Postato da: Mo2 a 18:43 | link | commenti (18) |
vita quotidiana, memorie, cose belle

sabato, 05 settembre 2009
Diario di bordo

Tremiti

Eravamo curiosi. Possibile avere un "piccolo paradiso" a poche ore di macchina sull'Adriatico? Sì, possibile perchè la macchina la si lascia sulla terra ferma. Poi nell'isola principale è come essere in un grosso villaggio vacanze. Si va a piedi  da un punto all'altro quasi conoscendosi tutti, perchè la disponibilità di alloggio è quella che è. Poi molto verde, molto silenzio, a parte qualche disco notturna, molto soft e aperta a giovani e meno giovani. Ci stupisce il colore dell'acqua, l'abbondanza di pesci. Ci stupisce la splendida isola di S. Nicola con i suoi gabbiani che ti camminano intorno come polli, la sua abbazia-fortezza fantastica in fase di restauro, un vero gioiello. Sarà che siamo alla fine di un luglio laboriosissimo e all'inizio delle ferie, ma ci verrebbe voglia di rimanere lì. Sicuramente ci torneremo. E poi siamo tutti e cinque. Mica poco.

Scogli di Capraia da te.

Gargano

Agriturismo per il posto dove ci fermiamo è un termine molto riduttivo. Siamo a metà tra il villaggio e il centro relax. Superpiscina, villette sparse nel verde, un caseggiato centrale in mezzo agli ulivi a pochi chilometri da Peschici. Anche qui si sta da re. E poi il meglio lo dà la tavola, veramente regale con bouffet di delizie del posto come antipasto e  piatti veramente ricercati. I padroni di casa simpaticissimi e giovani. A due passi, di fronte, la splendida e bianca Peschici con le sue spiagge perfette e un mare di lusso. La sera ci tuffiamo nel paesino animato dai turisti. Scopriamo un castello che domina il porto e un'antichissima Chiesa. Il Gargano è bello e fruibile in questa zona, un po' meno oltre Vieste, ma la vista spesso è mozzafiato su insenature verdi e irraggiungibili. Ci arrampichiamo sul paesino di Monte S.Angelo e la nostra pazienza viene gratificata. (vedi la foto qui sotto) L'ora è impossibile, il caldo anche, ma il paese è tutto da vedere. E poi c'è il mitico santuario di S. Michele Arcangelo, un posto noto a tutti i pellegrini del Medioevo in Terrasanta. Costruito nella roccia, ti colpisce per l'atmosfera veramente magica di santità e raccoglimento che si respira. Qui tutto è storia, anche la lapide che ricorda il passaggio di S. Francesco d'Assisi. E che dolci!

Monte S.Angelo da te.

Poi, dopo un passaggio per S. Giovanni Rotondo a vedere il nuovo santuario di Padre Pio progettato da Renzo Piano, approdiamo a Lecce dove i nostri cari amici non ci fanno mancare la loro magnifica ospitalità, avvolgendoci di gentilezze e di calore. Qui finalmente il nostro piccolo trova la compagnia adeguata della sua amichetta ed è entusiasta...E il mare di Porto Cesareo (vedi foto sotto) è quasi caraibico...Ma la figlia maggiore ci abbandona: sono arrivati il suo ragazzo e altri amici milanesi. Si fermerà in Salento con loro.

Porto Cesareo da te.

Sulla strada per la Sicilia, l'altro figlio mi chiede di guidare. Gli affido la macchina e mi riposo. Lui gode ed è veramente bravo e prudente. (Continua) 
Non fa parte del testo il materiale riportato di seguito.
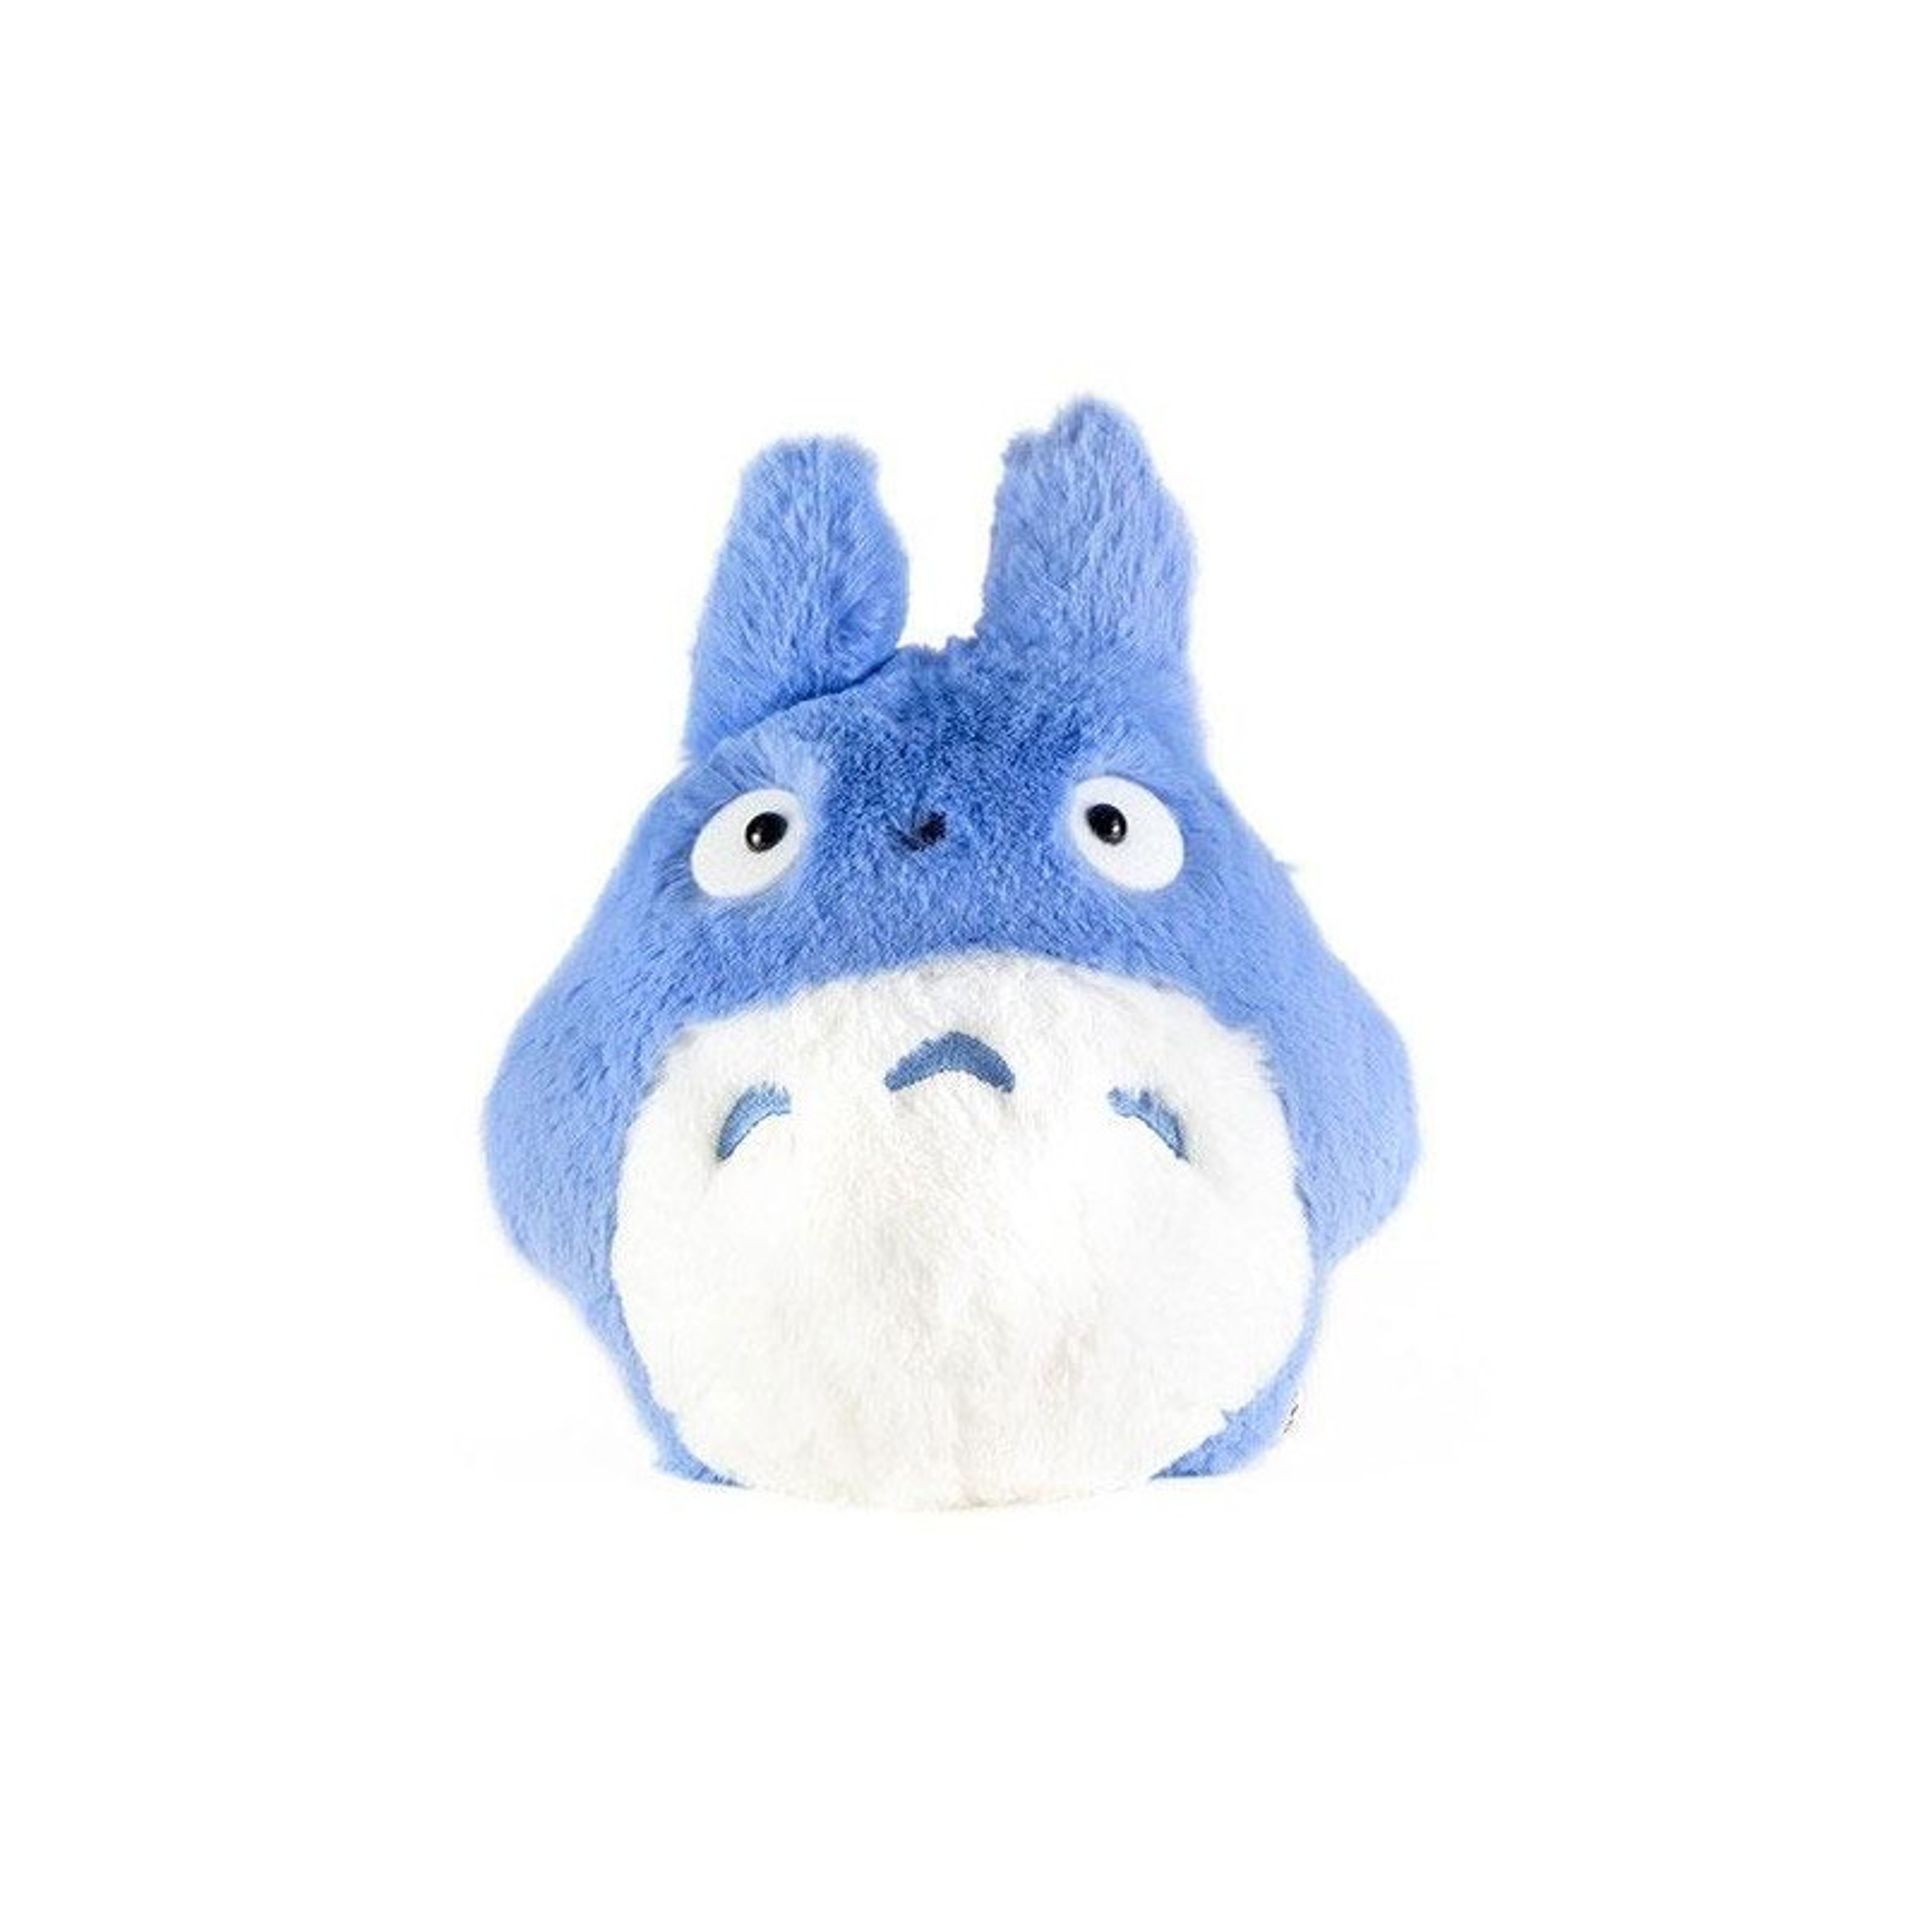 Acheter Ghibli - Mon Voisin Totoro - Peluche Nakayoshi Totoro Bleu -  Peluches prix promo neuf et occasion pas cher

Postato da: Mo2 a 14:57 | link | commenti (7) |
viaggi, memorie, cose belle

sabato, 18 luglio 2009
Nostalgie lunari

Luna sul mare da te.

Quella domenica notte di quaranta anni fa doveva essere più o meno questa la vista che mi si parava davanti. Forse qualche luce di meno. La nostra villettina al mare in Sicilia era appena costruita e intorno c'erano poche case, molto meno di oggi. Era una domenica notte e noi ragazzi uscivamo ogni tanto in veranda a guardarla quella Luna, increduli che ci fosse sopra qualcuno.

Eravamo abituati alle missioni spaziali, ma pensare che qualcuno si posasse sulla Luna come sul terrazzo di casa e scendesse da una scaletta per prenderne possesso era incredibile.

Dentro casa i lampi bianchi e neri della TV di casa trasferita al mare per l'occasione e Tito Stagno con la sua aria seria ma fiduciosa nel futuro faceva la cronaca di quanto succedeva. Un sospiro di sollievo dopo il blackout per passare nel tratto di orbita non coperto dai radar, poi l'allunaggio del LEM. Ricordo che il mio pensiero recondito era che l'arrivo della navicella sulla Luna potesse attirare l'attenzione di qualche creatura extraterrestre e che questa si potesse presentare agli occhi degli astronauti. Fantasticherie di un dodicenne appassionato  di romanzi di J. Verne.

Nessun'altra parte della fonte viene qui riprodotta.